We particularly appreciate acknowledgment of the importance of research into the behavioral and social factors underlying health disparities, and support programs which increase educational attainment and employment opportunities.

The section of the Health Care Fairness Act on the Office for Civil Rights is supportive of efforts underway to include the Office in development of health policy throughout HHS that address civil rights observance, program evaluation, and quality assessment.

Mr. Chairman, and members of this committee, as a physician and scientist, administrator and educator, and one charged with the task of leading the effort to challenge a health care system that allows for an unequal burden of morbidity and mortality among our racial and ethnic groups, I am reminded of how the National Institutes of Health explain how research and science work.

It is said that "science" comes from the Latin scientia meaning "known things," scientists and the practice of science exist because of what we do not know. The aim of science is to move what we do not know into the realm of known things and then, with a greater store of knowledge, begin again, as if advancing to a new frontier.
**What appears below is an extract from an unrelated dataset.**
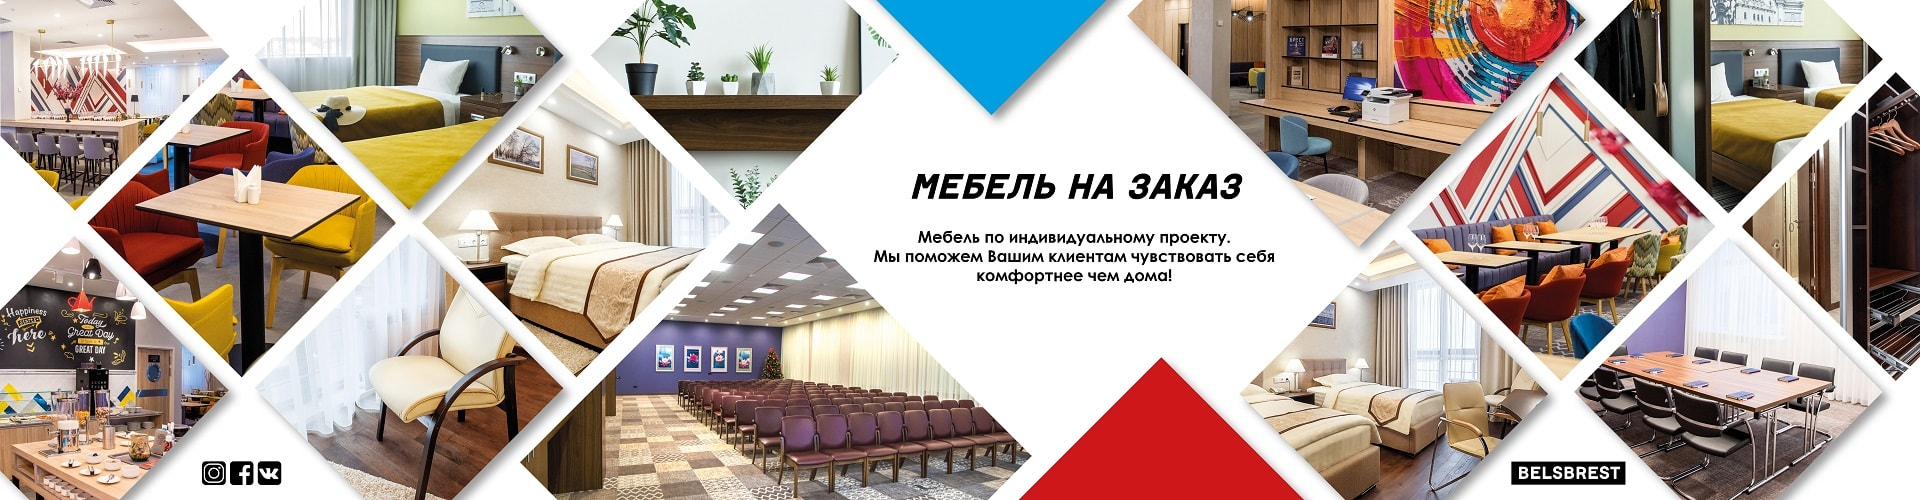 "Мебель ""БЕЛС"" на заказ в Бресте, Минске, РБ баннер на главную"

The elimination of disparities is an achievable goal that requires we bring all our forces to bear--a balanced community health system, a comprehensive research agenda that addresses the unequal burden of morbidity and mortality in racial and ethnic minorities, training a multi-cultural workforce that is sensitive to the culture of its colleagues, data collection that reflects the inhabitants of this country, and one set of quality health care delivery goals for all. As we continue our work to improve the lives of our fellow Americans, let me leave you with the

premise upon which the U.S. Public Health Service was founded in 1798, is ... " to the extent we care for those most vulnerable among us, we do most to protect the health of the nation."

Thank you for the opportunity to share some of the Departmentís activities. We appreciate your support and look forward to continuing our partnership to improve our health care system.